What lesson do I draw from this? The NHS has to change. It needs to find new ways of working, and adapt its facilities accordingly. Simply sacking the managers and letting the patient-facing workers get on with it would solve nothing. It doubtless needs more taxpayer funding in the mix – but waste is rife and there are limits to extra taxpayer funding. None of the political parties (not even the minor ones) suggest raising any of the three main taxes: Income Tax, NIC or VAT, unless rises can be targeted to a small minority of wealthier taxpayers. There are clear limits to how far this kind of somebody-else’s-money approach is feasible, but no political appetite to raise general taxation. The NHS must either reform itself or collapse under the weight of extra demand, with the better-off turning to the private sector, and becoming even less willing to see their taxes used for free healthcare. This has already happened in dentistry.

It’s quite easy to see elements of the reform process. Integration of social care; more emphasis on mental health and geriatrics; better public health; continued heat on the drug companies. Others will be less obvious, but will emerge from analysing problems with an open mind. But all large organisations have heavily inbuilt inertia. Reform will involve pain. Some services will be cut; many people will have their jobs changed. Such change requires strong leadership, who can persuade the persuadable, and override the suspicious. And here we must confront some awkward facts. First leadership is not going to come from politicians; they simply don’t have the knowledge or credibility. Second that leadership is going to come mostly at a local level. What needs to be done is to rework the tangled elements of many services by dealing with the people involved directly, face-to-face, and finding what works in each local context. What will not work is to call in an expensive set of management consultants to put together an over-engineered but nevertheless superficial national plan under a grand-sounding name (“World Class Integration” anybody?). Or arbitrary ideas, like pushing people out of hospitals and into the community, which may work as theoretical propositions, but are beset by a million practical problems locally. And yet this is the typical approach of initiatives originating from the Department of Health. Too many grand know-it-all experts; and too much use of management consultants.

But if politicians can’t lead reform directly, they still have to give political cover for reform programmes that might take 10 years or more to work through properly. To do that the management of the NHS must be depoliticised. The politicians should set the broad strategic direction, supply the funding, and be part of a process of local scrutiny. But otherwise they should step back and defend the system. This sort of consensus building is not impossible. It has been achieved for old-age pensions, for example.

And yet many campaigners who want to “Save” the NHS seem to want to do the opposite – to politicise the NHS so far that reform becomes a practical impossibility. They create alarm about cuts to local services, privatization, postcode lotteries and TTIP. They seem more motivated by anger, and fixated on political totems, than on trying to promote progress within the NHS.
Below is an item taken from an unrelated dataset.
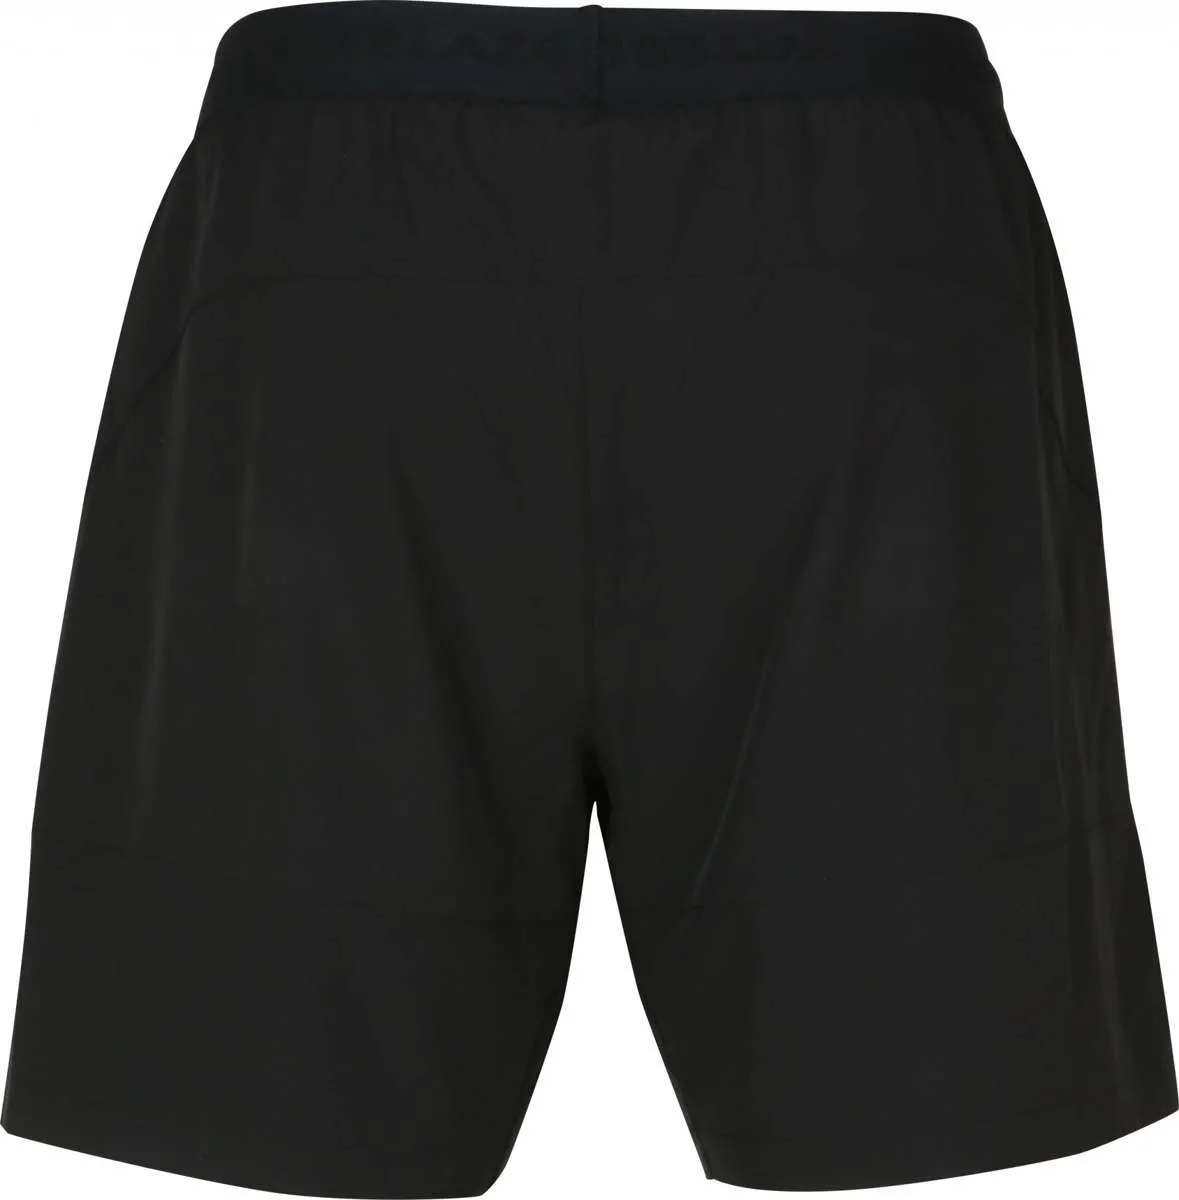 Pantalones cortos de hombre Scotty 2en1 negro

Two wrongs don’t make a right. The coalition was wrong to dump such an ambitious a top-down reform on the NHS. It was wrong to pursue its reforms in such a politically arrogant way. The government should have taken Labour’s imperfect structures and evolved them; piloting different reforms locally to reduce bureaucracy, engage clinicians and achieve better integration. Progress would have been slow at first, but surer. And it would have lowered the political temperature. But it would be wrong again to tear all these reforms up. Surely some changes are needed – especially over the competition and outsourcing. What is worth keeping about the reform is the way it places a distance between the politicians and the people running the service. This framework may not be perfect, but surely it is best to move forward through evolution, not another reorganisation.

The problem with Labour’s campaign to “weaponize” the NHS and turn it into a key political battleground, and its politically motivated and gimmicky manifesto pledges, is that it distracts from the real work that is needed: devolved reforms led by clinicians. We could have yet another 2 year hiatus. The NHS can ill-afford that.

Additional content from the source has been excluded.